# Problem to solve:
Reproduce the listing that follows with no differences at all.
BEGIN Data section
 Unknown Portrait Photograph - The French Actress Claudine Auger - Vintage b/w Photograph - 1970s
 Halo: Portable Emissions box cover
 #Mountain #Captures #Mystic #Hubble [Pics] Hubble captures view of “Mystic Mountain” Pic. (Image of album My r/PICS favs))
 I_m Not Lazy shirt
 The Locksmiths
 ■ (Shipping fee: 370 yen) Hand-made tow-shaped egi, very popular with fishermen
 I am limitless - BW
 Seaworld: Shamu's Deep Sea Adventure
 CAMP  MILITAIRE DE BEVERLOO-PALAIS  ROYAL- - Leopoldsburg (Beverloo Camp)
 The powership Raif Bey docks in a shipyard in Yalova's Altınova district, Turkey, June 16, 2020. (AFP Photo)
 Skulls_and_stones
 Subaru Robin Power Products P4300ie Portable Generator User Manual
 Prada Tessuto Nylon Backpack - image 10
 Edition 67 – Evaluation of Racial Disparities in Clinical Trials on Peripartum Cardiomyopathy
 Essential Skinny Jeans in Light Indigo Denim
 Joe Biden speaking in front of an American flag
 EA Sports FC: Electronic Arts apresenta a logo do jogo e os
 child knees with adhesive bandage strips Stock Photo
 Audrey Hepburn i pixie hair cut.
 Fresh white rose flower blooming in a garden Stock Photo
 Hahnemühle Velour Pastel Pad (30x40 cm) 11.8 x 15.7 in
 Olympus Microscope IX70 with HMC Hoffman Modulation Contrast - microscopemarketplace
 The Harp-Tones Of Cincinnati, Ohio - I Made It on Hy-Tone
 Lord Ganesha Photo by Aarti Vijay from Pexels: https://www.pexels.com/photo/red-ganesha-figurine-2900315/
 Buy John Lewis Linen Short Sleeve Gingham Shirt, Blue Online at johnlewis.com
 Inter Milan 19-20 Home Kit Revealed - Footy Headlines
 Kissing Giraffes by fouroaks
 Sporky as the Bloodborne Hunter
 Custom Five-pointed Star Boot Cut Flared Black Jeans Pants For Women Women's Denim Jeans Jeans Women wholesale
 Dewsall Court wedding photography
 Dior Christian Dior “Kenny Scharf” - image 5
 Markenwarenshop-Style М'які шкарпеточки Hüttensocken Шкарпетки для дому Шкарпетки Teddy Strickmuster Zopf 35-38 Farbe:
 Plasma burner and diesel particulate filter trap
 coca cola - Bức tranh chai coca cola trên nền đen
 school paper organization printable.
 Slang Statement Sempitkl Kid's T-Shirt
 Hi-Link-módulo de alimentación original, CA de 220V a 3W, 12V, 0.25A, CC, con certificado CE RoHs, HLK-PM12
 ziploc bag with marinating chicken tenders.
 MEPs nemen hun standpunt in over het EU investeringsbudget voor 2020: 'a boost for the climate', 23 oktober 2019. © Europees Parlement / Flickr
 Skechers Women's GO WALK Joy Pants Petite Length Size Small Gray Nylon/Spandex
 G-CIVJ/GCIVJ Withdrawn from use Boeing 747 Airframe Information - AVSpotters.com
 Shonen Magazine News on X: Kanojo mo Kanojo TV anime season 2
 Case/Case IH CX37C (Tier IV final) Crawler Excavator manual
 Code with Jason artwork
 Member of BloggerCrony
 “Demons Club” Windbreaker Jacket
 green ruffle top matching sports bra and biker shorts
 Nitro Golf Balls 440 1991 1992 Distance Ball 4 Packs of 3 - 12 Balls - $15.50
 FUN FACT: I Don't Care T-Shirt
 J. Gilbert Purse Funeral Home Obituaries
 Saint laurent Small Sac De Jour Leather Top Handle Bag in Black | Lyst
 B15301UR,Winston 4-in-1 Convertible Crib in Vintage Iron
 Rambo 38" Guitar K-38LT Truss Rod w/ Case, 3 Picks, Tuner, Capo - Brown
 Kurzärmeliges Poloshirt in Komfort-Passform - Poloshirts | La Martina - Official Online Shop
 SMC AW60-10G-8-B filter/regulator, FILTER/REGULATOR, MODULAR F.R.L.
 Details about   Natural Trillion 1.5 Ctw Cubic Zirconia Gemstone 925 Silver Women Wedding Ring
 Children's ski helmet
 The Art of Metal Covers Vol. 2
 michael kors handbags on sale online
END Data section
# Answer to this task:
 Unknown Portrait Photograph - The French Actress Claudine Auger - Vintage b/w Photograph - 1970s
 Halo: Portable Emissions box cover
 #Mountain #Captures #Mystic #Hubble [Pics] Hubble captures view of “Mystic Mountain” Pic. (Image of album My r/PICS favs))
 I_m Not Lazy shirt
 The Locksmiths
 ■ (Shipping fee: 370 yen) Hand-made tow-shaped egi, very popular with fishermen
 I am limitless - BW
 Seaworld: Shamu's Deep Sea Adventure
 CAMP  MILITAIRE DE BEVERLOO-PALAIS  ROYAL- - Leopoldsburg (Beverloo Camp)
 The powership Raif Bey docks in a shipyard in Yalova's Altınova district, Turkey, June 16, 2020. (AFP Photo)
 Skulls_and_stones
 Subaru Robin Power Products P4300ie Portable Generator User Manual
 Prada Tessuto Nylon Backpack - image 10
 Edition 67 – Evaluation of Racial Disparities in Clinical Trials on Peripartum Cardiomyopathy
 Essential Skinny Jeans in Light Indigo Denim
 Joe Biden speaking in front of an American flag
 EA Sports FC: Electronic Arts apresenta a logo do jogo e os
 child knees with adhesive bandage strips Stock Photo
 Audrey Hepburn i pixie hair cut.
 Fresh white rose flower blooming in a garden Stock Photo
 Hahnemühle Velour Pastel Pad (30x40 cm) 11.8 x 15.7 in
 Olympus Microscope IX70 with HMC Hoffman Modulation Contrast - microscopemarketplace
 The Harp-Tones Of Cincinnati, Ohio - I Made It on Hy-Tone
 Lord Ganesha Photo by Aarti Vijay from Pexels: https://www.pexels.com/photo/red-ganesha-figurine-2900315/
 Buy John Lewis Linen Short Sleeve Gingham Shirt, Blue Online at johnlewis.com
 Inter Milan 19-20 Home Kit Revealed - Footy Headlines
 Kissing Giraffes by fouroaks
 Sporky as the Bloodborne Hunter
 Custom Five-pointed Star Boot Cut Flared Black Jeans Pants For Women Women's Denim Jeans Jeans Women wholesale
 Dewsall Court wedding photography
 Dior Christian Dior “Kenny Scharf” - image 5
 Markenwarenshop-Style М'які шкарпеточки Hüttensocken Шкарпетки для дому Шкарпетки Teddy Strickmuster Zopf 35-38 Farbe:
 Plasma burner and diesel particulate filter trap
 coca cola - Bức tranh chai coca cola trên nền đen
 school paper organization printable.
 Slang Statement Sempitkl Kid's T-Shirt
 Hi-Link-módulo de alimentación original, CA de 220V a 3W, 12V, 0.25A, CC, con certificado CE RoHs, HLK-PM12
 ziploc bag with marinating chicken tenders.
 MEPs nemen hun standpunt in over het EU investeringsbudget voor 2020: 'a boost for the climate', 23 oktober 2019. © Europees Parlement / Flickr
 Skechers Women's GO WALK Joy Pants Petite Length Size Small Gray Nylon/Spandex
 G-CIVJ/GCIVJ Withdrawn from use Boeing 747 Airframe Information - AVSpotters.com
 Shonen Magazine News on X: Kanojo mo Kanojo TV anime season 2
 Case/Case IH CX37C (Tier IV final) Crawler Excavator manual
 Code with Jason artwork
 Member of BloggerCrony
 “Demons Club” Windbreaker Jacket
 green ruffle top matching sports bra and biker shorts
 Nitro Golf Balls 440 1991 1992 Distance Ball 4 Packs of 3 - 12 Balls - $15.50
 FUN FACT: I Don't Care T-Shirt
 J. Gilbert Purse Funeral Home Obituaries
 Saint laurent Small Sac De Jour Leather Top Handle Bag in Black | Lyst
 B15301UR,Winston 4-in-1 Convertible Crib in Vintage Iron
 Rambo 38" Guitar K-38LT Truss Rod w/ Case, 3 Picks, Tuner, Capo - Brown
 Kurzärmeliges Poloshirt in Komfort-Passform - Poloshirts | La Martina - Official Online Shop
 SMC AW60-10G-8-B filter/regulator, FILTER/REGULATOR, MODULAR F.R.L.
 Details about   Natural Trillion 1.5 Ctw Cubic Zirconia Gemstone 925 Silver Women Wedding Ring
 Children's ski helmet
 The Art of Metal Covers Vol. 2
 michael kors handbags on sale online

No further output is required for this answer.